When you reach the line containing "Thiết kế thi", begin reproducing the lines exactly and continue through the end of the listing, leaving out the pictures.

### Source data
★ ★ ★ ★ ★
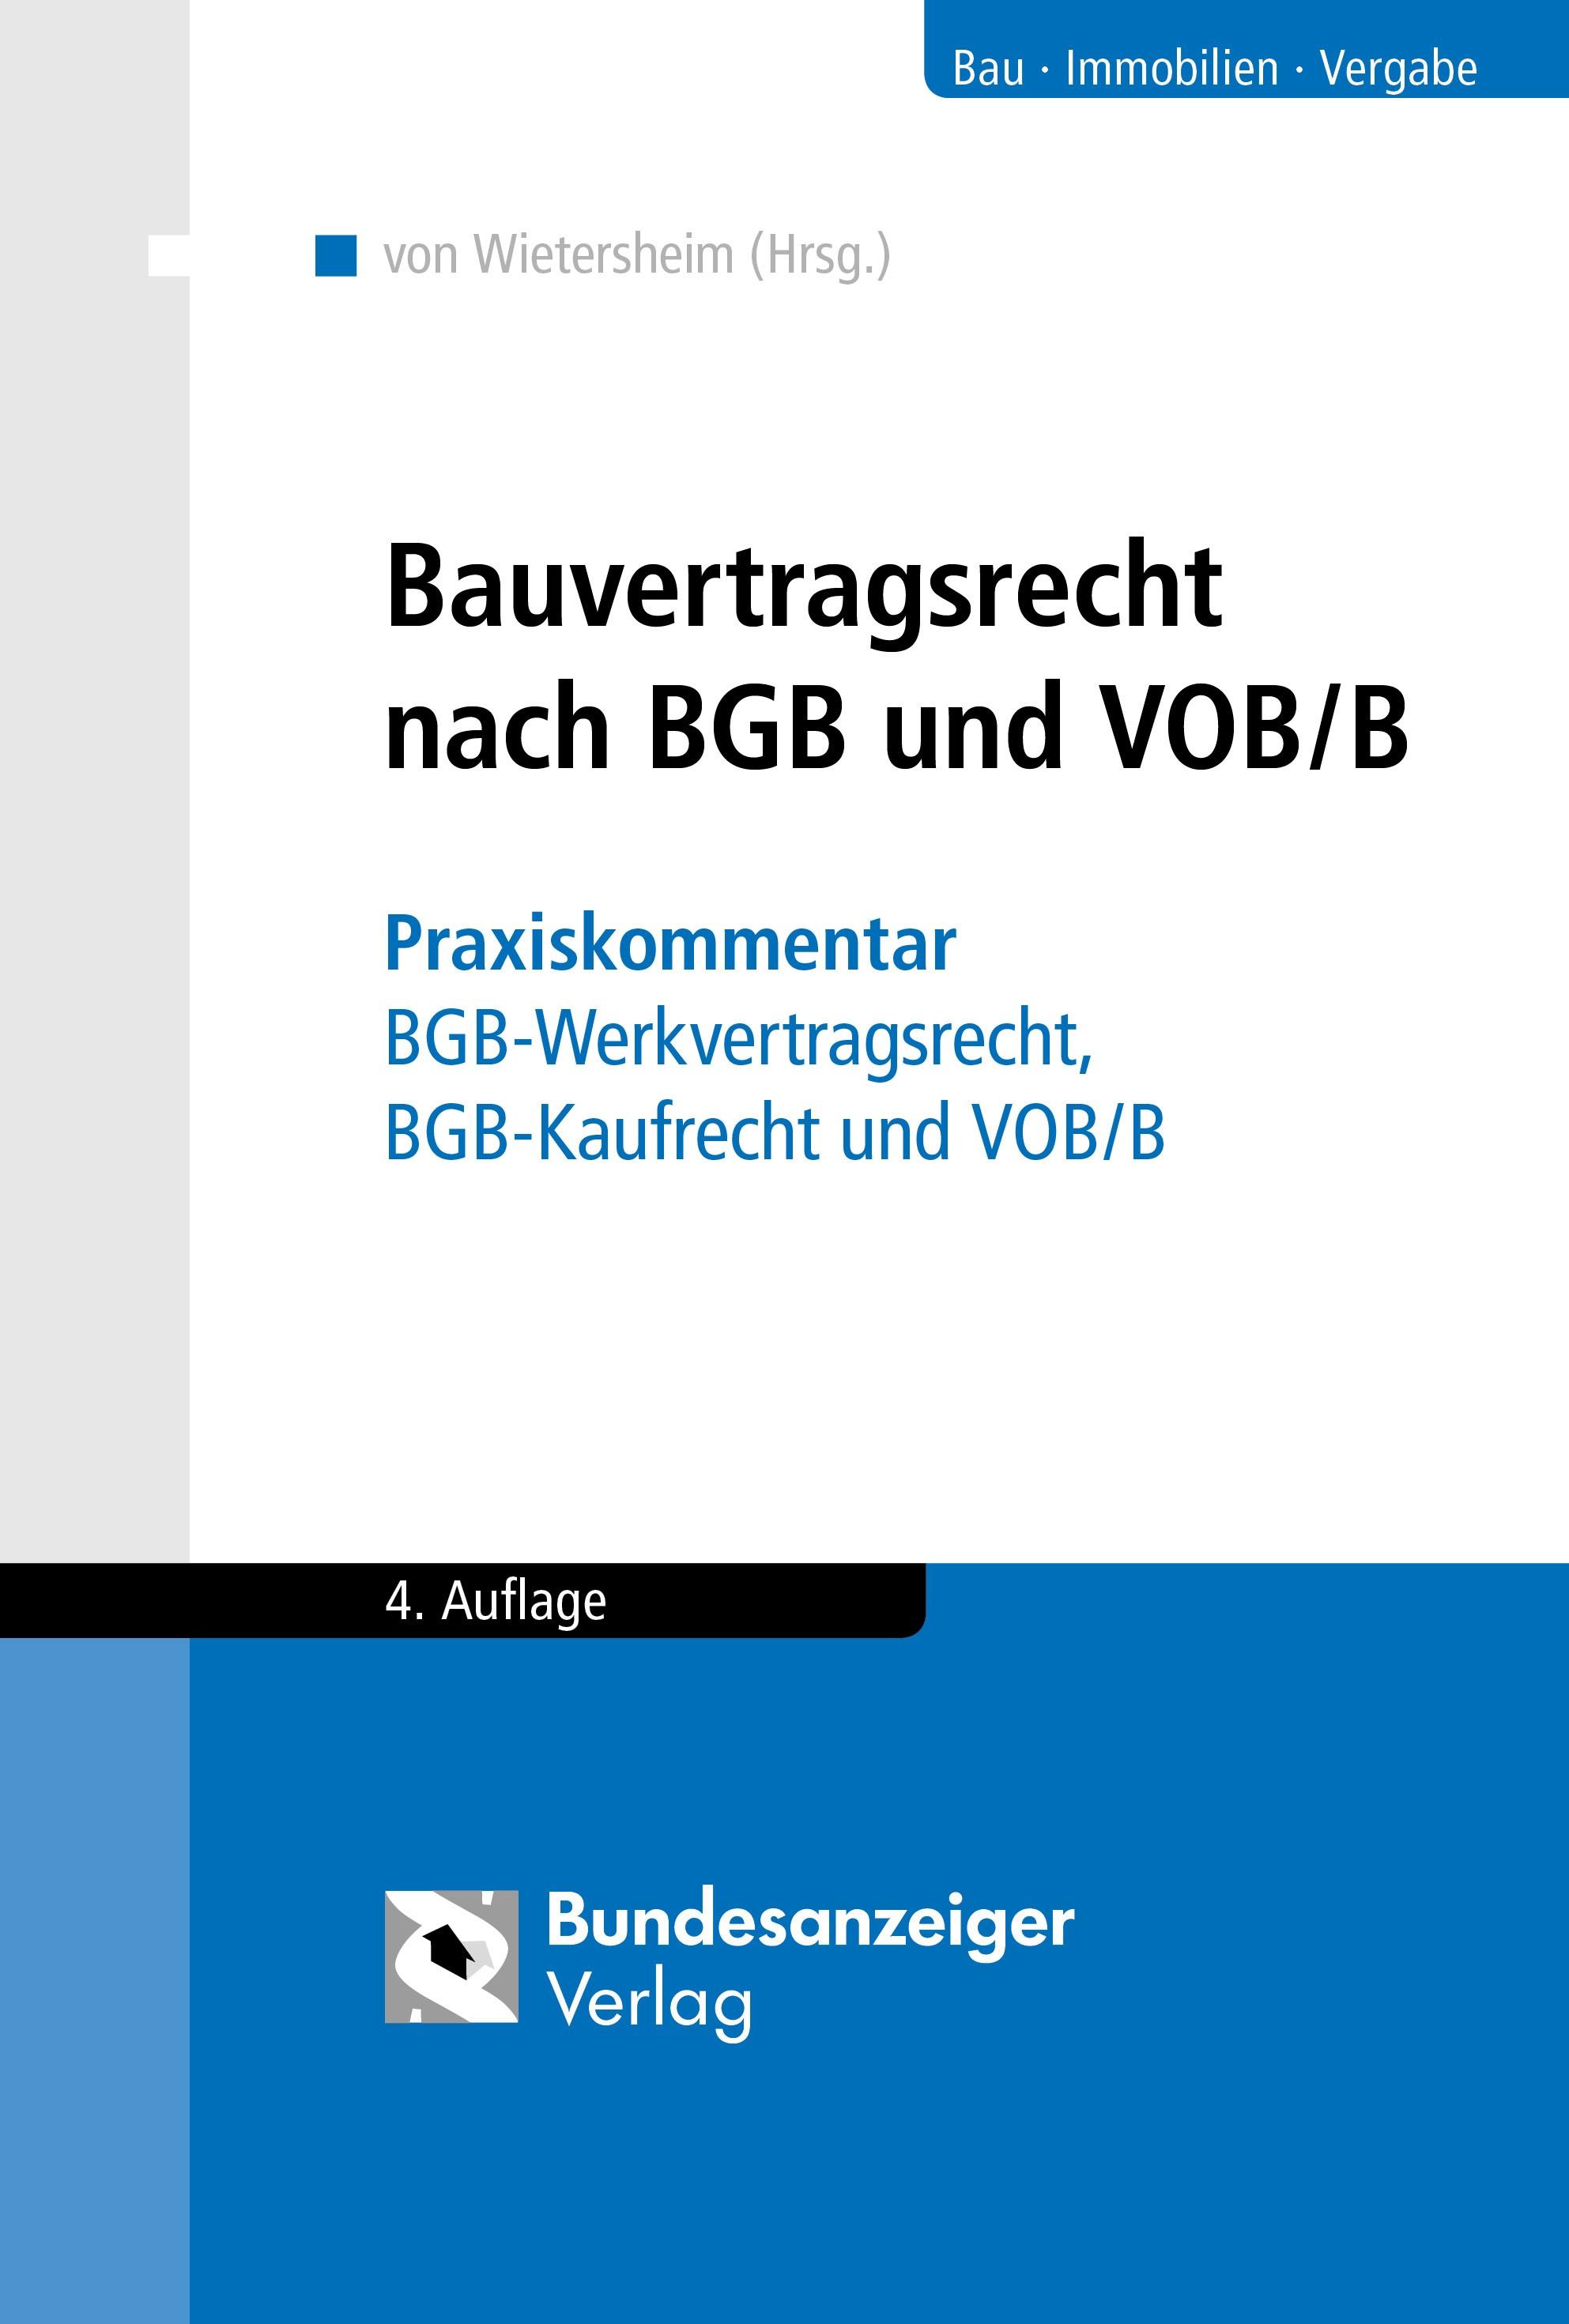 Abbildung von Wietersheim (Hrsg.) | Bauvertragsrecht nach BGB und VOB/B | 4., überarbeitete und aktualisierte Auflage. | 2018
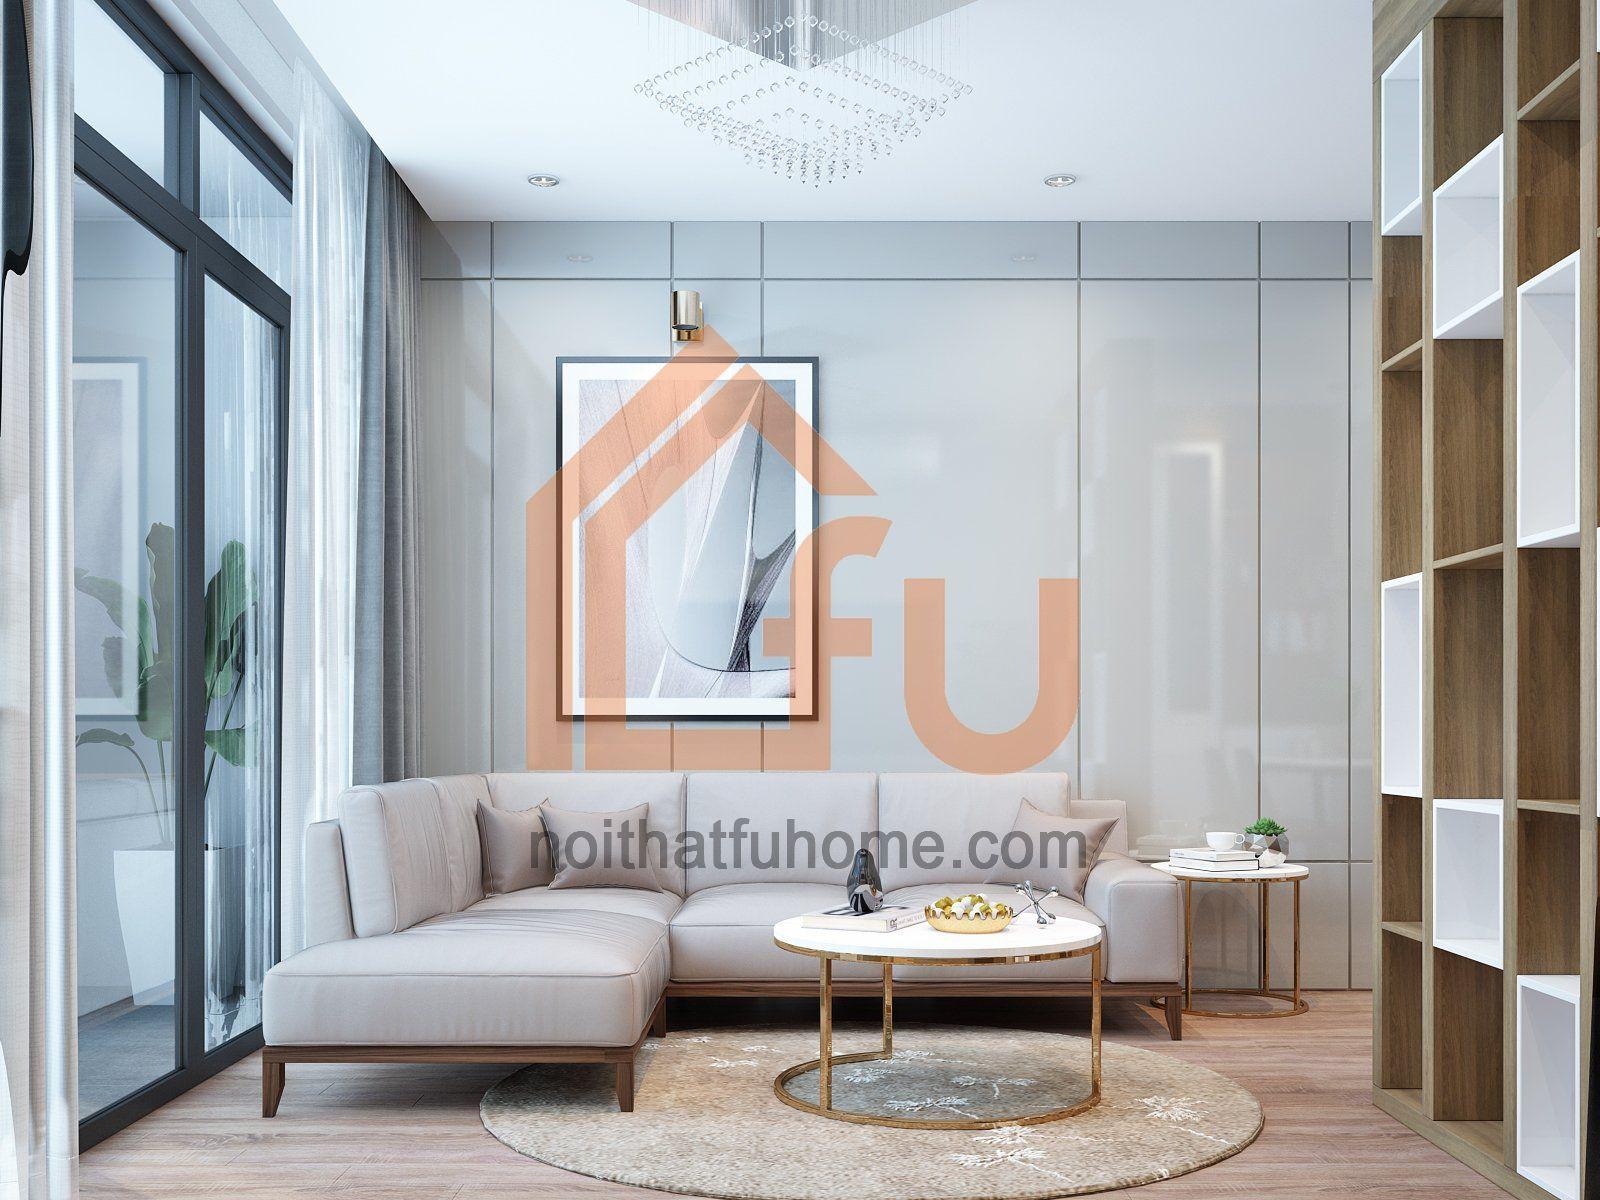 Thiết kế thi công nội thất chung cư 90m2 tại The City Light Vĩnh Yên
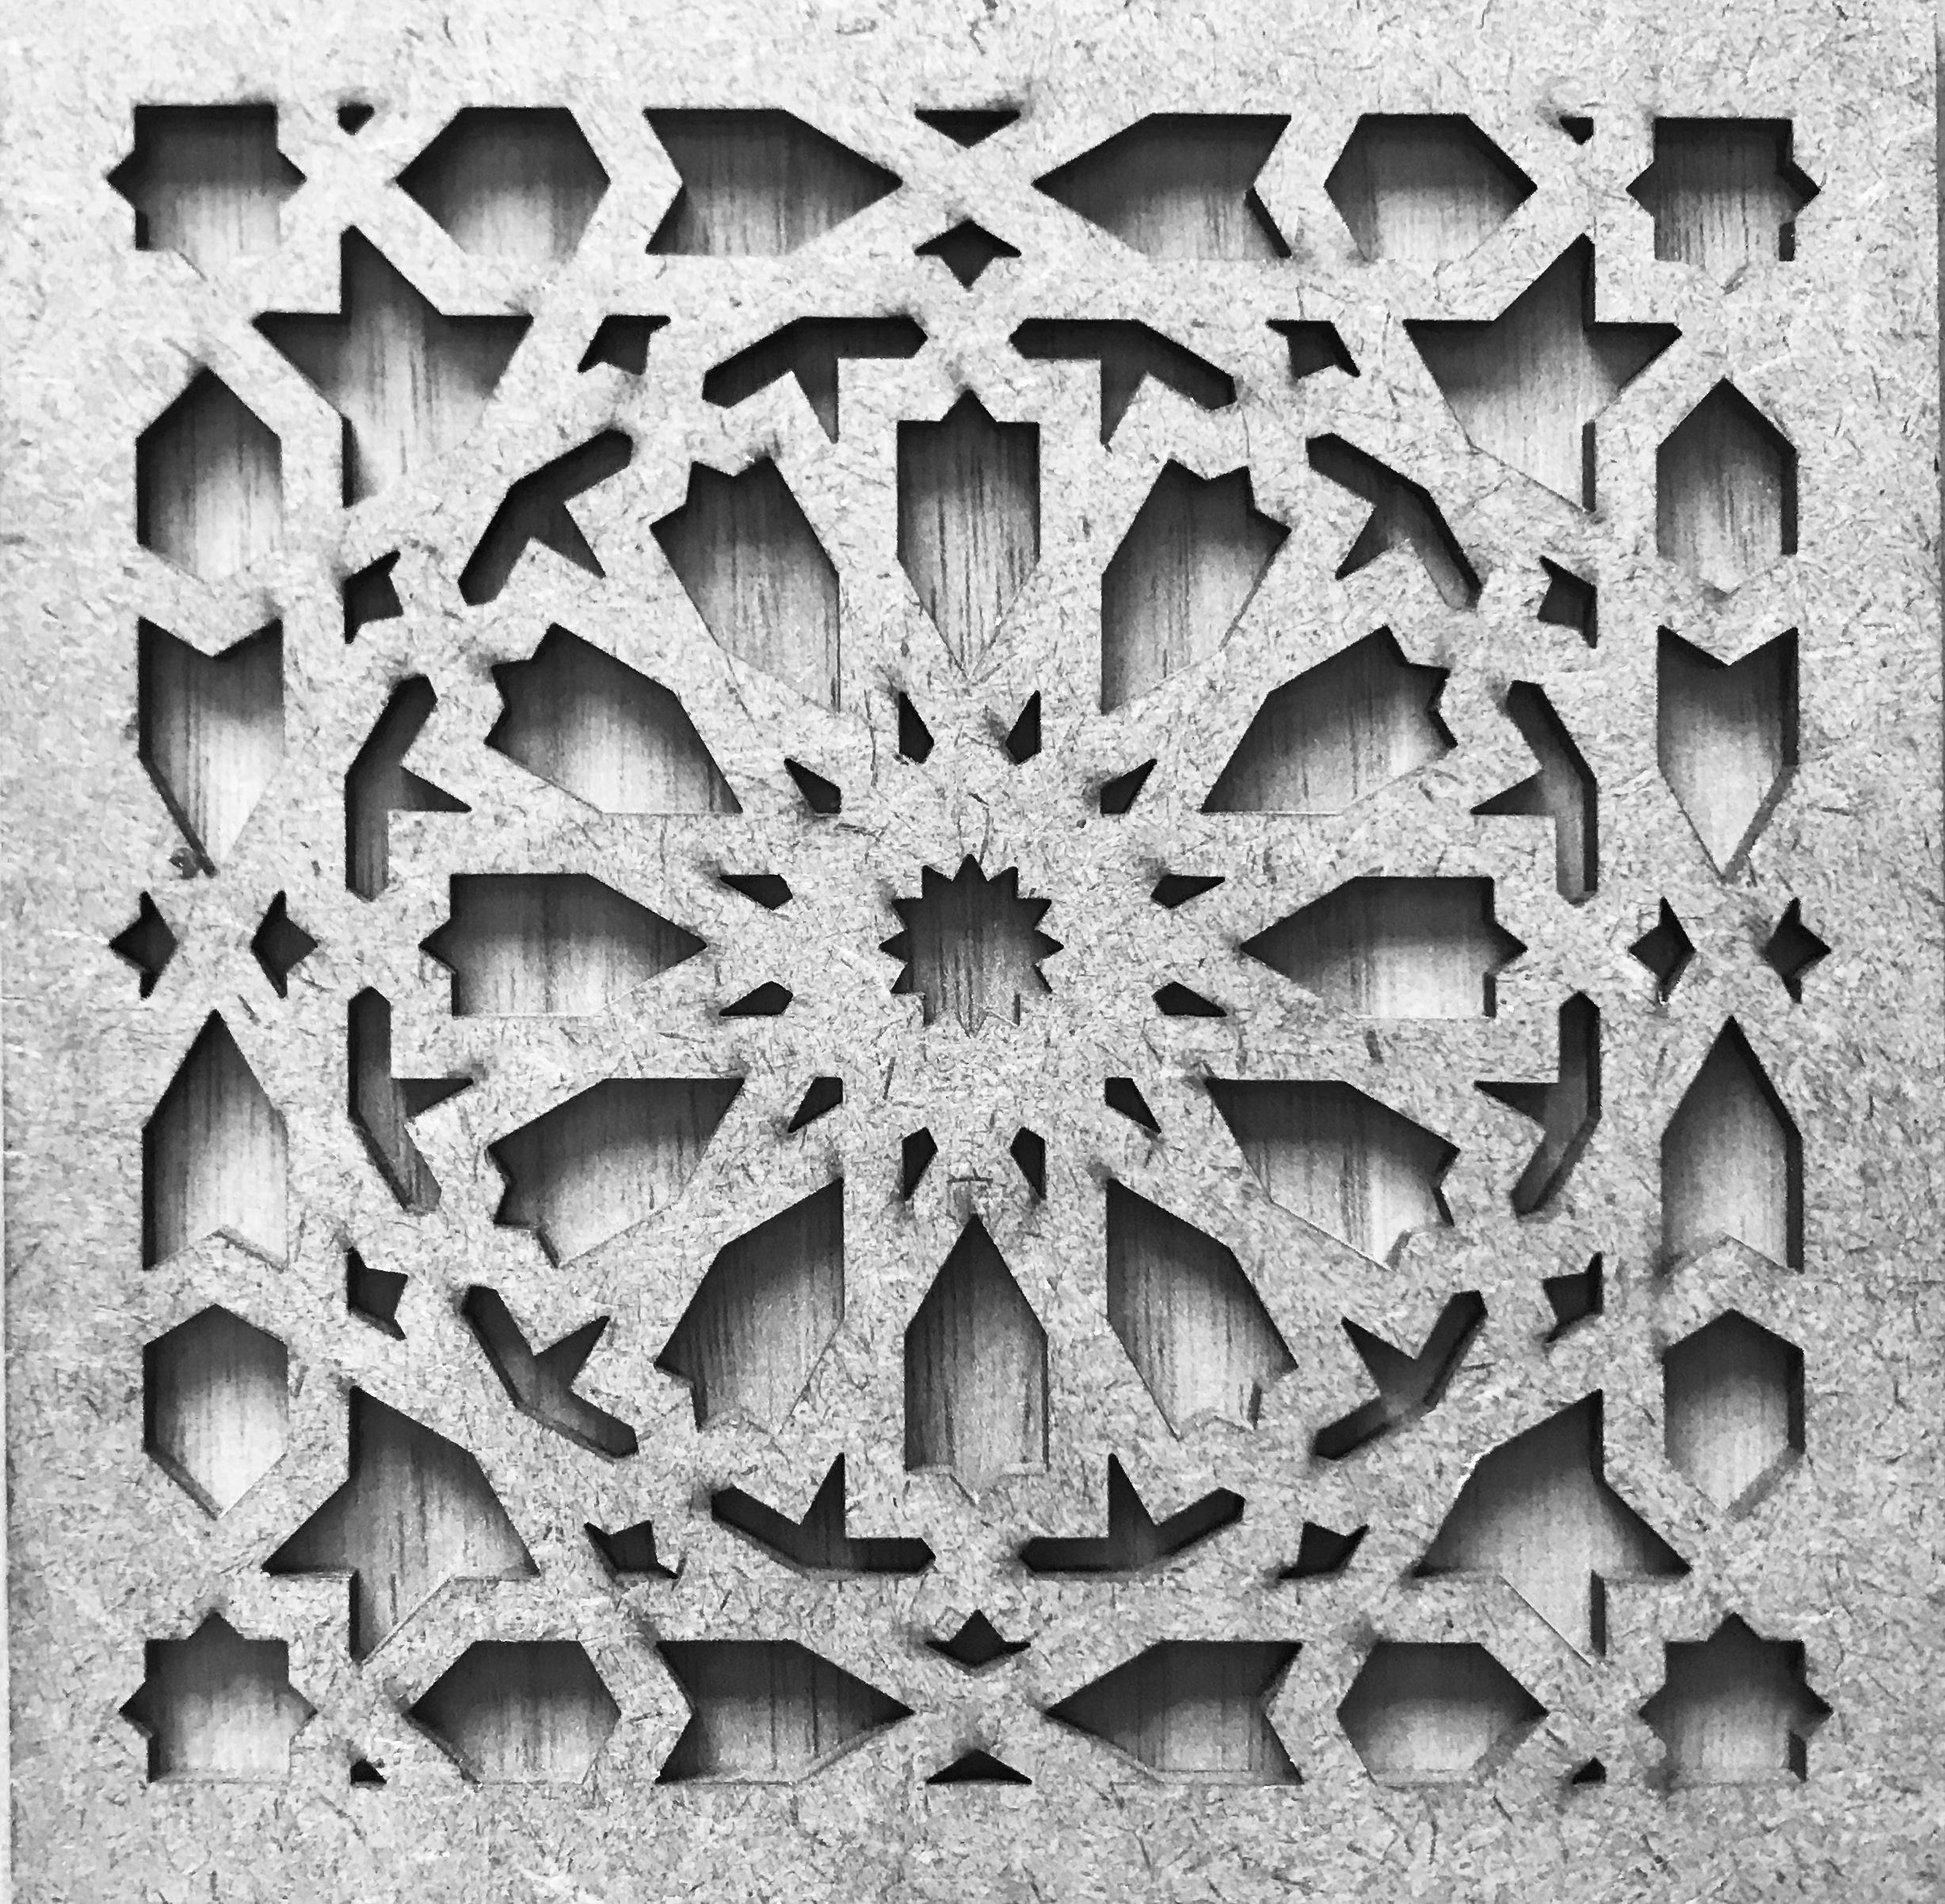 Els fonaments de l'islam. De la dependència a la llibertat. Déu
★ ★ ★ ★ ★
### Answer to this task
 Thiết kế thi công nội thất chung cư 90m2 tại The City Light Vĩnh Yên
 Els fonaments de l'islam. De la dependència a la llibertat. Déu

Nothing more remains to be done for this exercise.